"Saya sudah 7 tahun bekerja di Hongkong. Gaji saya Rp7 juta per bulan. Saat baru masuk, gaji dipotong agen selama 6 bulan dan dipotong untuk biaya visa. Bersih Rp5 juta hingga Rp6 juta," katanya.
Wajah gembira terpancar di wajahnya, apalagi dia mengaku selama bekerja di Hongkong relatif tidak pernah mengalami kejadian yang buruk karena majikannya baik.
"Kalau ada masalah, lapor ke KJRI atau majikan. Sejauh ini saya belum pernah," katanya.
Siti setiap minggu, libur. Jika tetap masuk, mendapat uang ganti dari majikannya.
Ia juga sudah bergabung dengan Grup WhatsApp Buruh Migran Indonesia (BMI) Hongkong.
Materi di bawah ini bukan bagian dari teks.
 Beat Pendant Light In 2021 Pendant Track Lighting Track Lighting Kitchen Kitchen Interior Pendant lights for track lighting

Kalau libur, bisa pergi ke perpustakaan yang dilengkapi fasilitas komputer. Kendati senang tinggal di negeri orang, dia ingin kembali ke Tanah Air 1 tahun lagi untuk berwiraswasta.
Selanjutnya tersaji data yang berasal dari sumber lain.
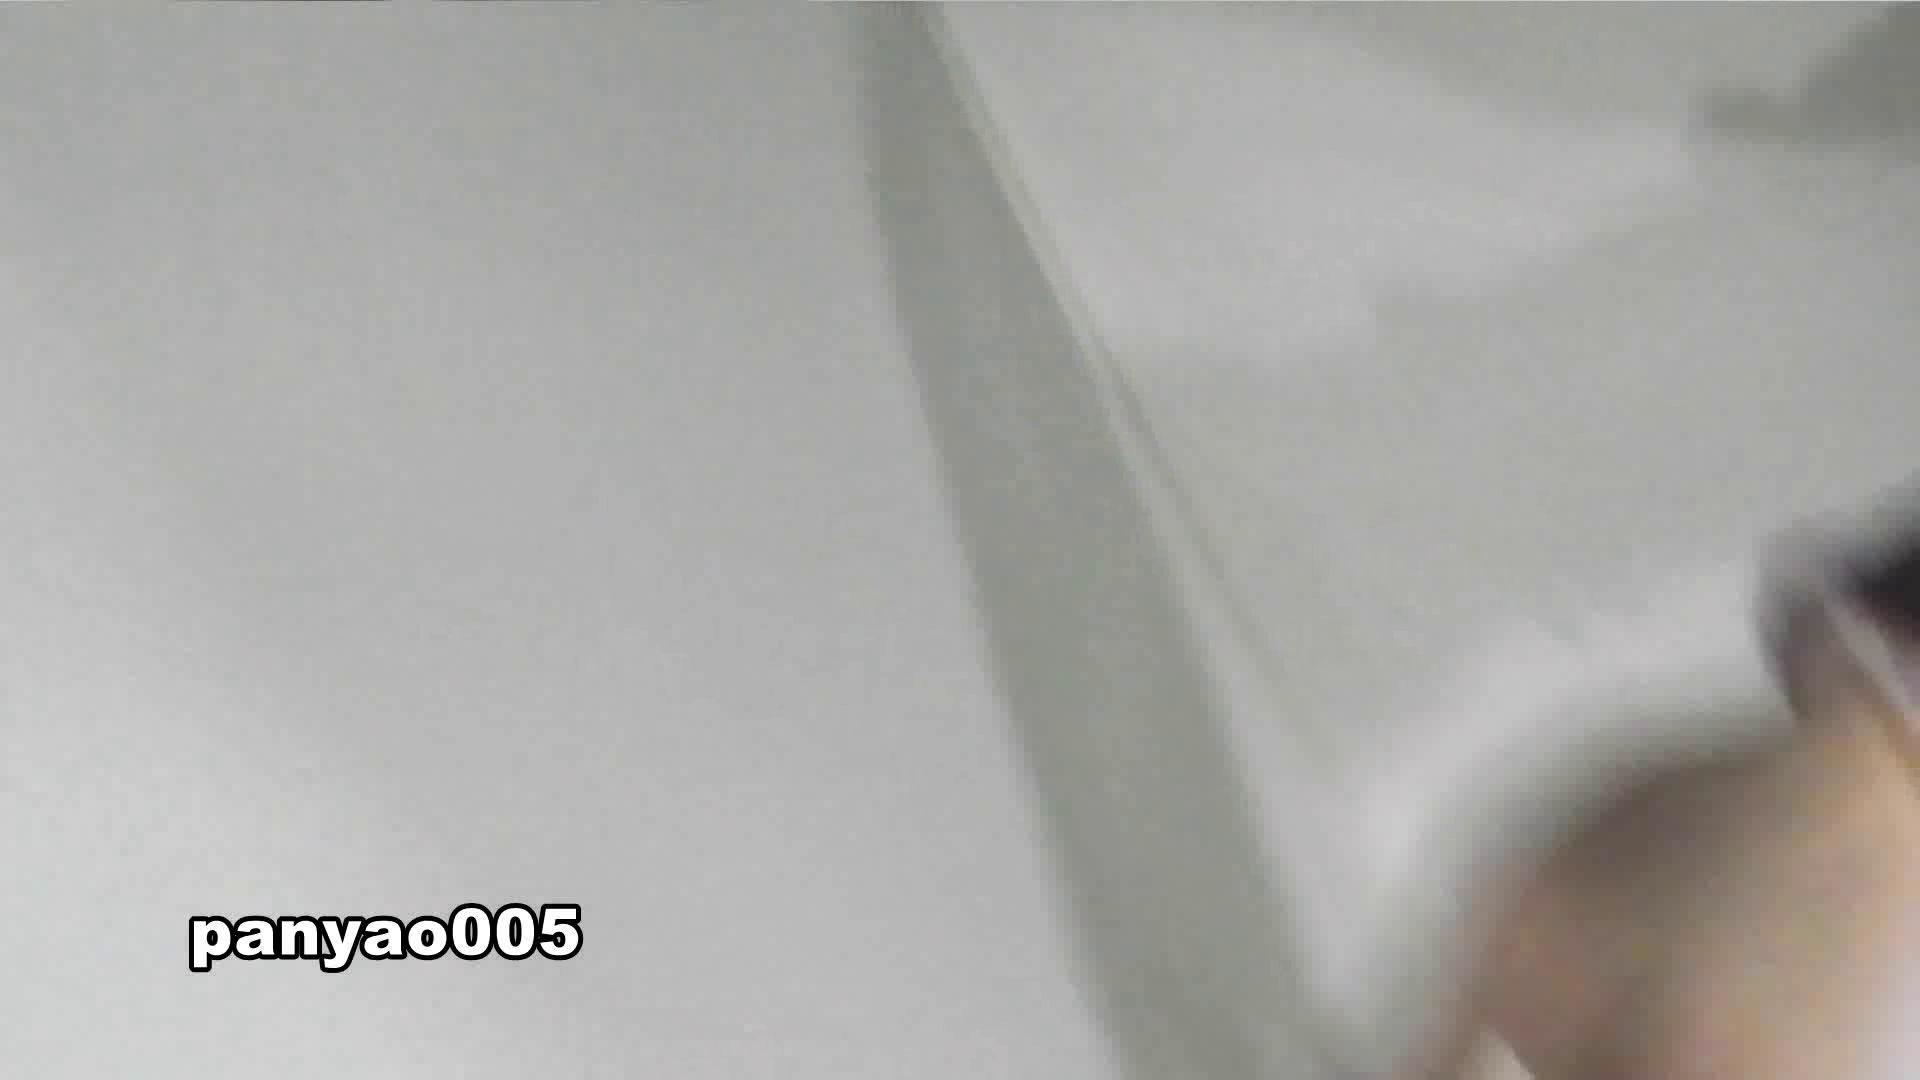 日本成人用品展览会。vol.05 そんな格好で… 潜入 オメコ動画キャプチャ 82画像 29

Sodikin (54), pekerja migran asal Desa Campur Rejo, Panceng, Gresik, Jawa Timur, senang bisa ikut mudik gratis, apalagi dirinya sudah lama tidak bertemu anak-anaknya, sementara istrinya menjadi pembantu rumah tangga di Trengganu, Malaysia.
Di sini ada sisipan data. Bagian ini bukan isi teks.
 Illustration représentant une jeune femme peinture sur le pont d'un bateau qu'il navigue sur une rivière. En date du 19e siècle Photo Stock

Pria yang mendapat kartu pendudukan tetap atau permanent resident dari pemerintah Malaysia ini mengaku tidak kesulitan bekerja di negeri jiran.
"'Angger gelem uger sirahe' atau asal mau kepalanya bergerak maka pasti mendapatkan rezeki. Saya biasa mendapatkan RM1.800 per bulan," katanya.
Eny Khumaida (39), pekerja migran asal Kasembon, Malang, Jatim, mengatakan bahwa pada bulan ke-11 nanti "permit"-nya sudah sambung ke-7.
Petugas cleaning service ini diberi waktu cuti oleh majikannya hingga seminggu. Kalau melanggar, dendanya RM 30 per hari.
Dalam sebulan, dia bisa mendapatkan RM 1.200.